Emerging clinical evidence strongly supports millets as a key dietary intervention to halt and potentially reverse prediabetes — the stage of insulin resistance and elevated fasting glucose preceding full type 2 diabetes. Prediabetes is primarily characterized by insulin resistance and impaired glucose tolerance, both of which millets address directly.
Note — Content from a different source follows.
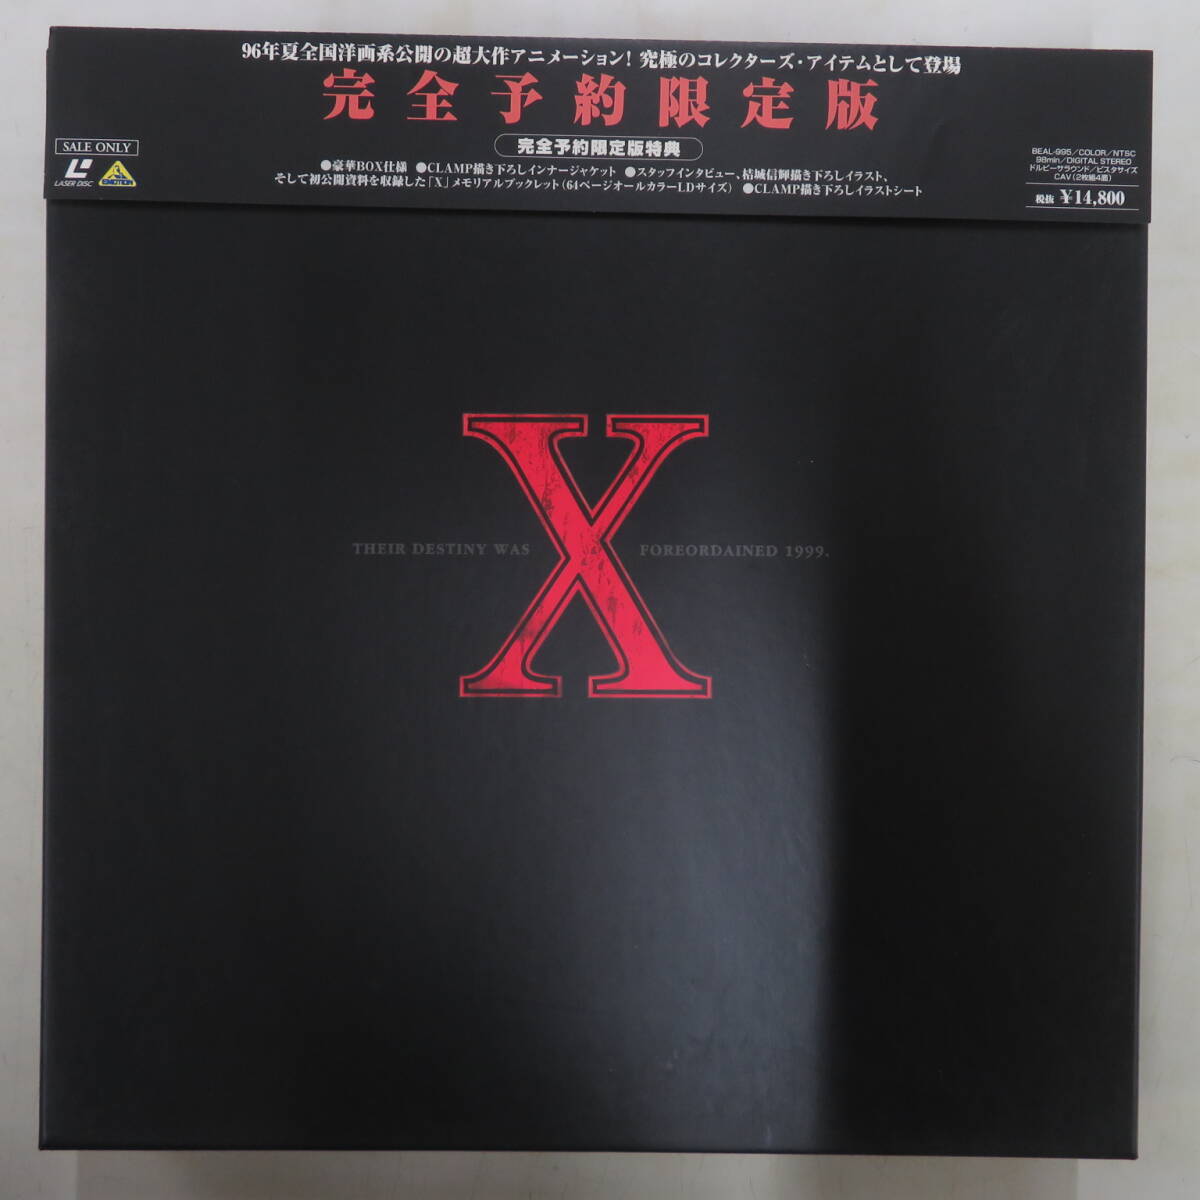 B00179964/●LD2枚組ボックス/「X (Their Destiny was Fpreordained 1999) 」の画像1
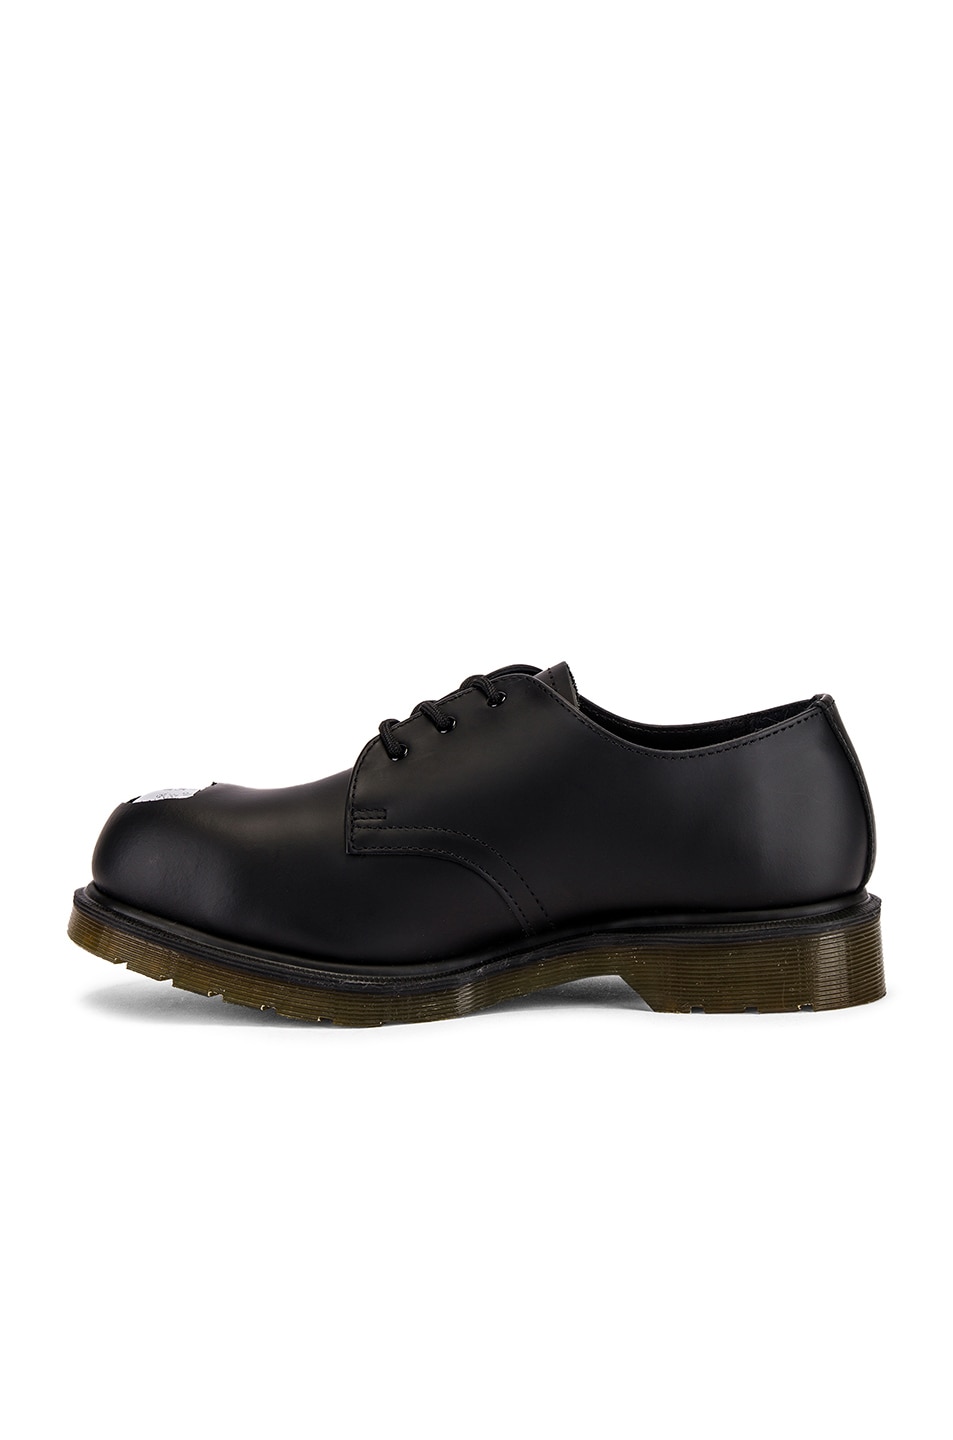 Raf Simons x Dr. Martens Cut Out Steel Toe Shoes in Black | FWRD

A 16-week randomized controlled trial published in PMC (2023) found that prediabetic participants consuming a millet-based diet (100g/day replacing refined grains) saw fasting plasma glucose normalize in 38% of participants, with mean HbA1c improving from 5.9% to 5.6%. This is particularly significant because a 0.3% reduction in HbA1c at the prediabetic stage is associated with a 30–40% reduction in progression to type 2 diabetes.
Key Points
100g/day of millet replacing refined grains normalized fasting plasma glucose in 38% of prediabetic participants in 16 weeks
Millet consumption reduces HOMA-IR (insulin resistance index) by 25–30%, addressing the core metabolic defect in prediabetes
High fiber content promotes weight loss of 1.5–2 kg over 12 weeks, which independently reduces insulin resistance
Magnesium in millets activates insulin receptor tyrosine kinase, restoring impaired insulin signaling in muscle and liver cells
Replacing refined grains with millets reduces the daily dietary glycemic load by 30–40%, the single most impactful dietary change for prediabetics
Evidence Base
PMC (2023) 16-week RCT and Frontiers in Nutrition (2021) meta-analysis provide Level I evidence that millet-based dietary interventions can normalize prediabetic markers in a significant proportion of patients, positioning millets as a first-line dietary strategy for diabetes prevention.